Ok, that was a nice bit of history and it actually started before I was born which means I don’t have to feel so old today. A similar history exists for many other of the standard email headers, but in the special case of the “Re:” prefix you might ask: Why standardize it at all? I hope that is going to be evident at the end of this blog post.

Theory

Originally, the “Re:” prefix served the simple purpose of making it easy to see when a message was a reply to another message. The use of it might even pre-date the introduction of the “In-Reply-To” header which could be seen as an alternative solution. In retrospect, it should have been standardized with the following rules:

Add “Re:” to the subject of replies and replies only.
Do not add another prefix when replying to a reply.

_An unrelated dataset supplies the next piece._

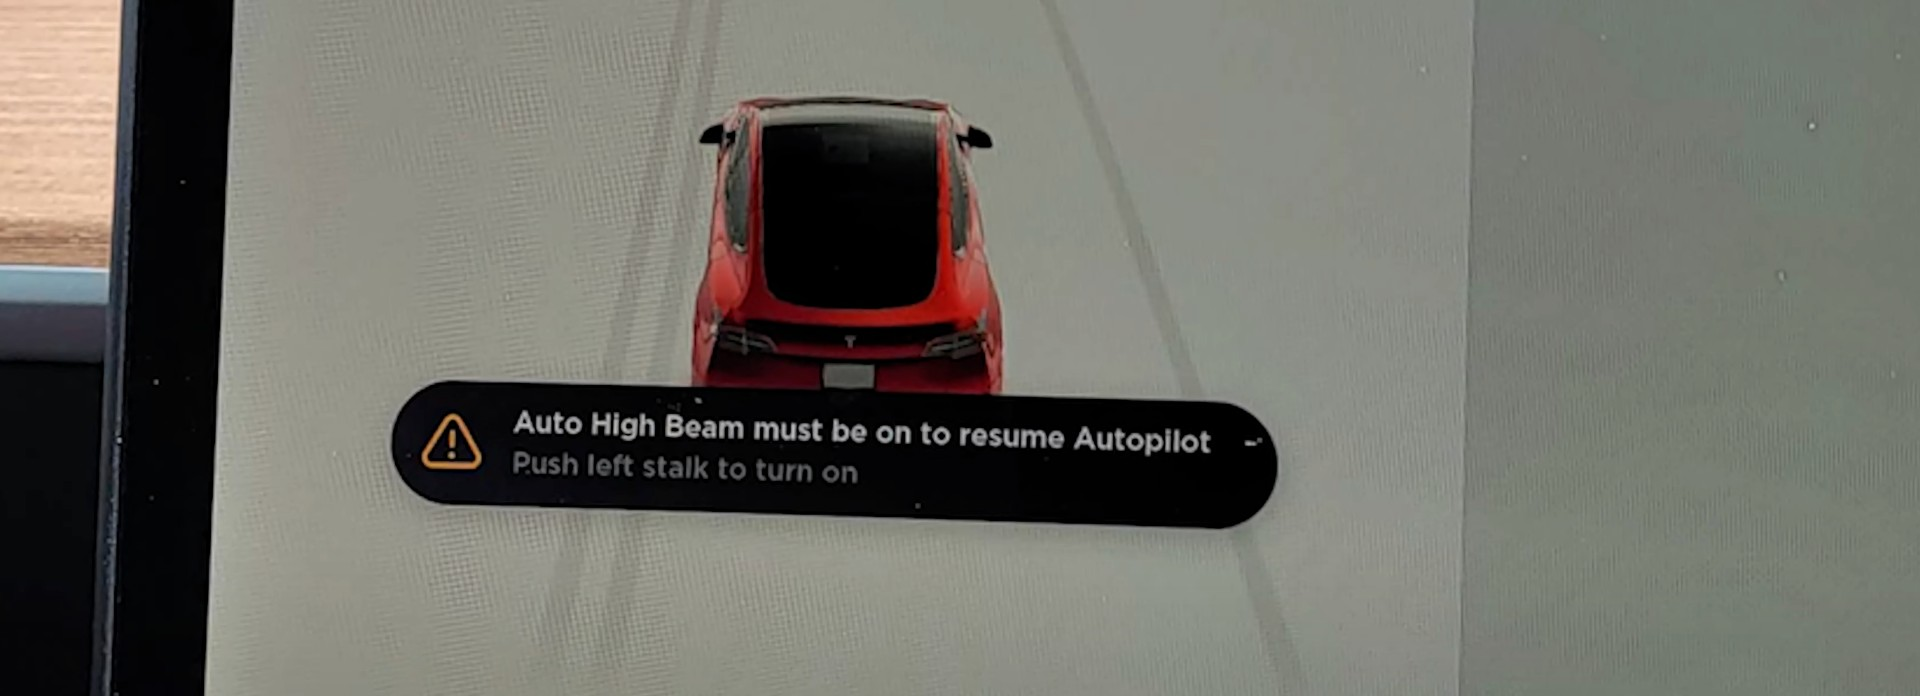 tesla-vision-auto-high-beam-autopilot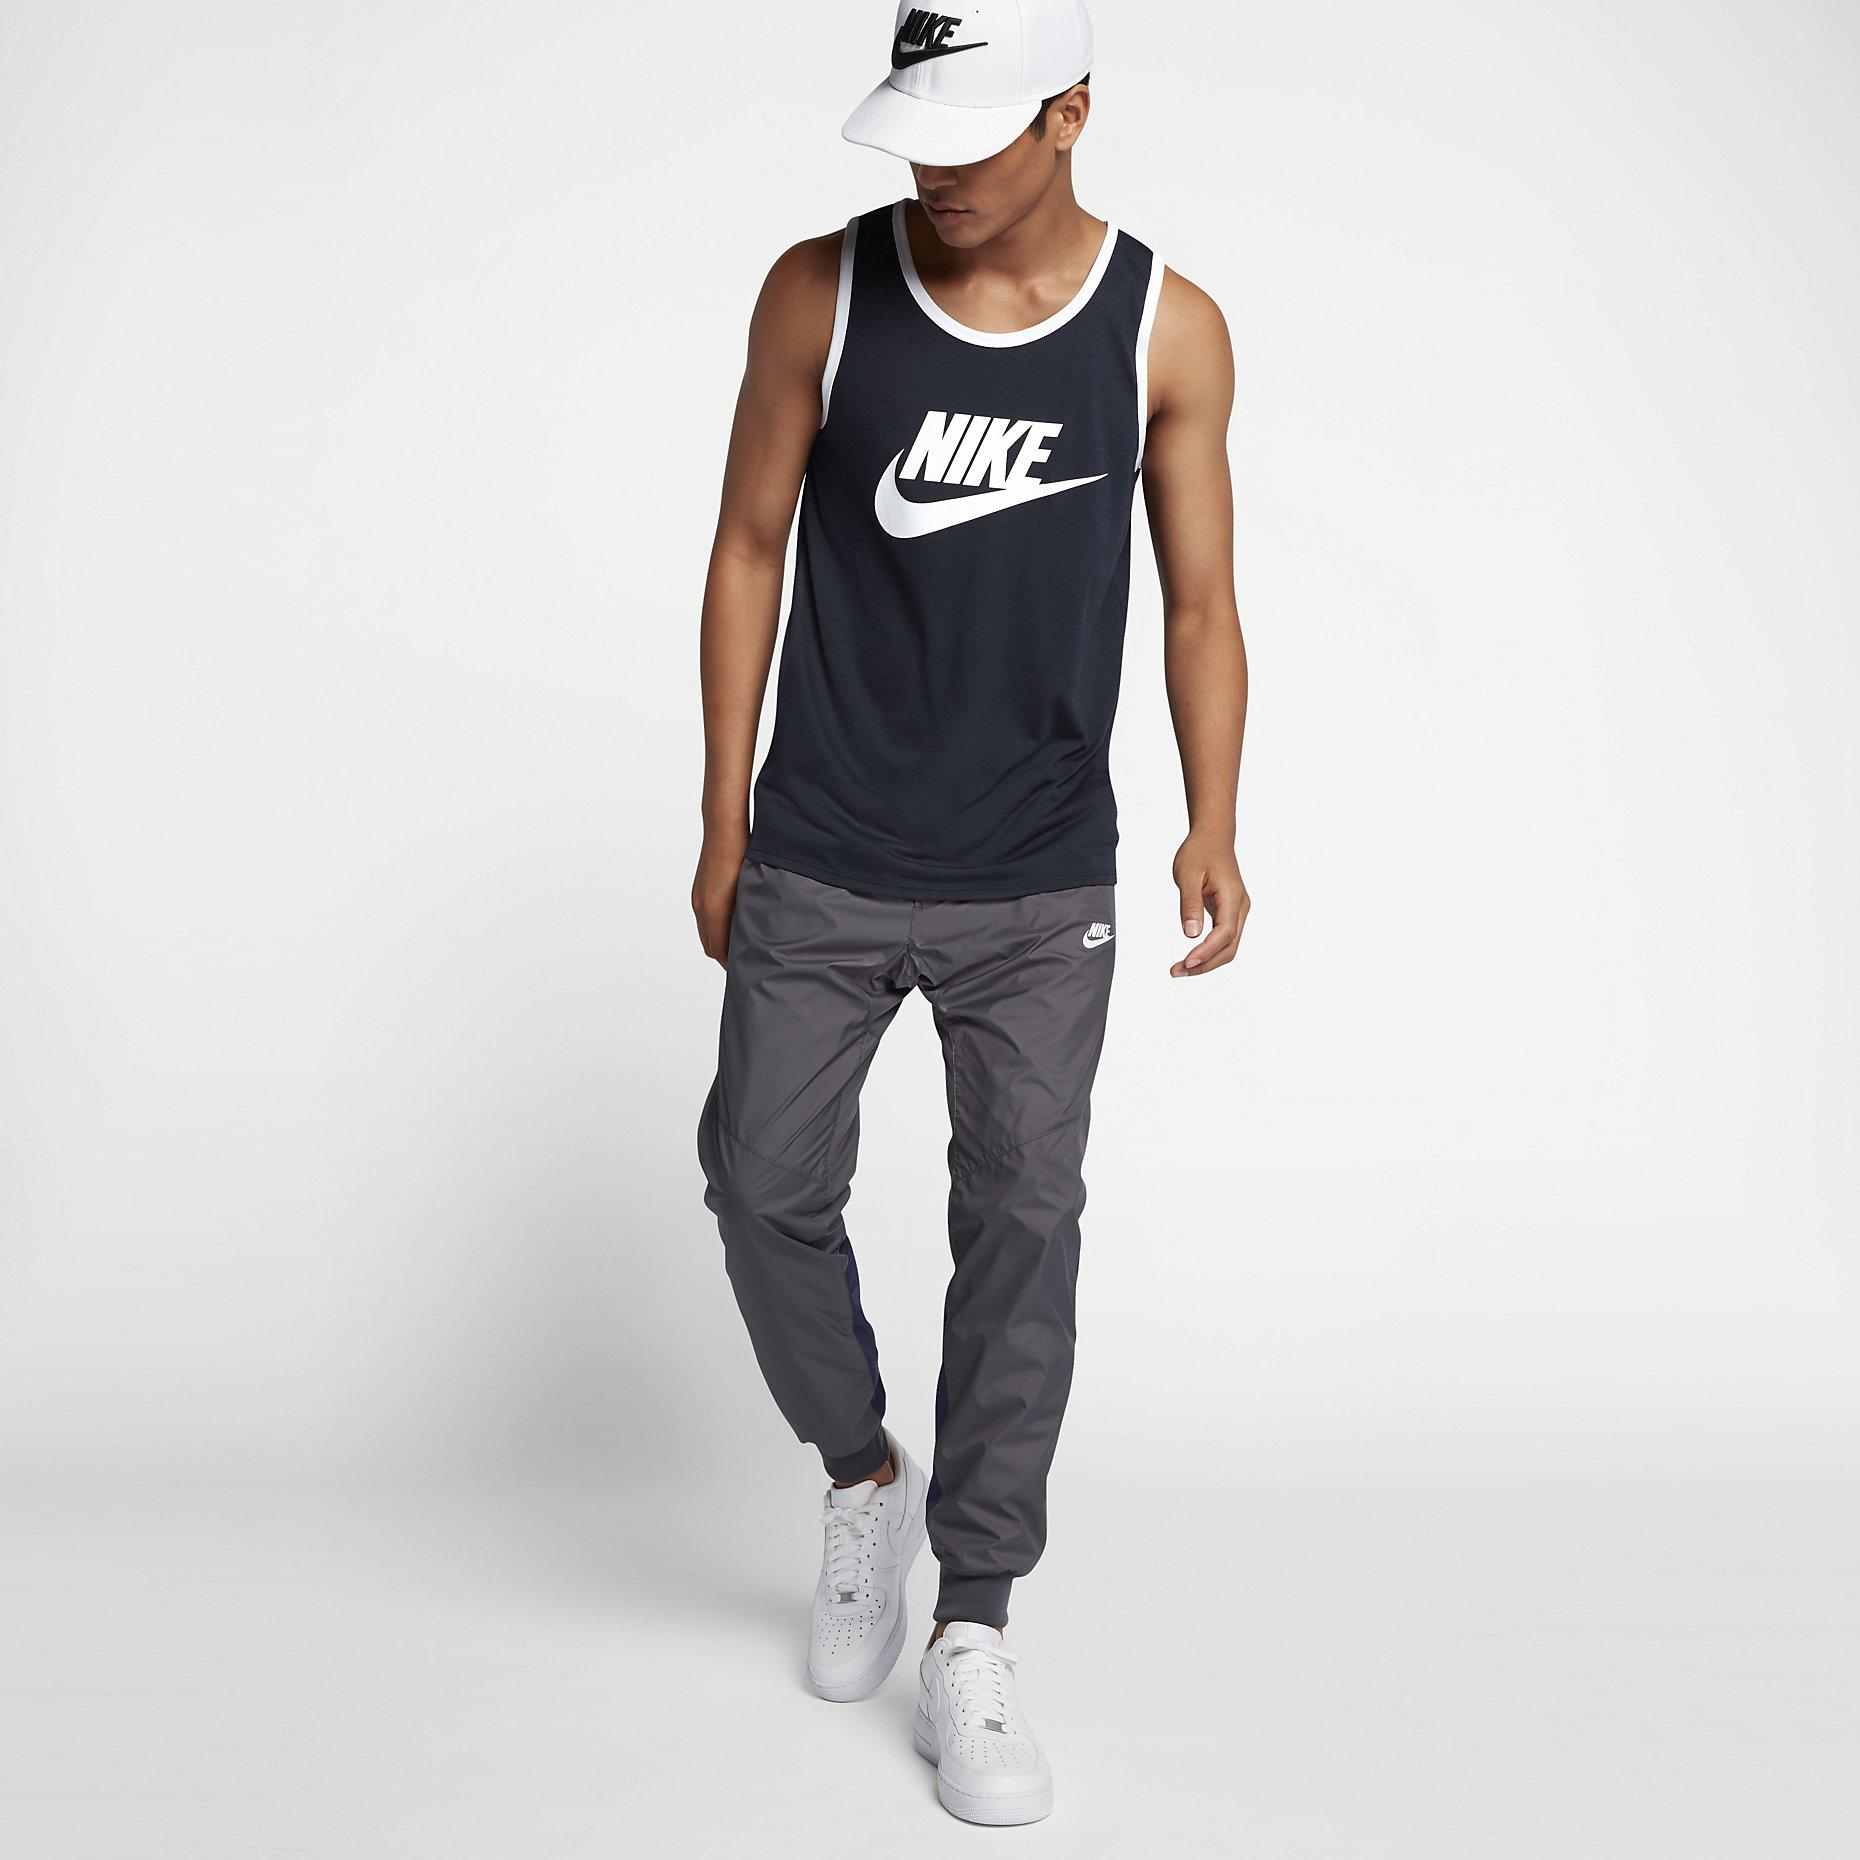 0caf2f827a6f4 Nike Mens Sportswear Ace Logo Tank Top - Obsidian White - Tennisnuts.com

As we’ll see further below then the following clarification would also have been nice: Do not use any localized variants of “Re:”.

Practice

It might not have helped if the reply prefix had been standardized, but the lack of standardization certainly did not help. Variations of the prefix were invented and they resulted in various problems. I’ll describe 3 prefix related problems below.

The first problem is how to handle a reply to a reply. The naive solution is to just add another “Re:” prefix, but this is ugly and it can quickly increase the length of a subject line. A better solution is to only add the prefix if one does not already exist. Some email clients decided to do better than that and they introduced a counter in the prefix:

Re[4]: This correspondence now involves 4 messages.

That is not a bad idea, but since not all email clients supported it then a reply would often look like this:

Re: Re[4]: This correspondence now involves 4+1 messages.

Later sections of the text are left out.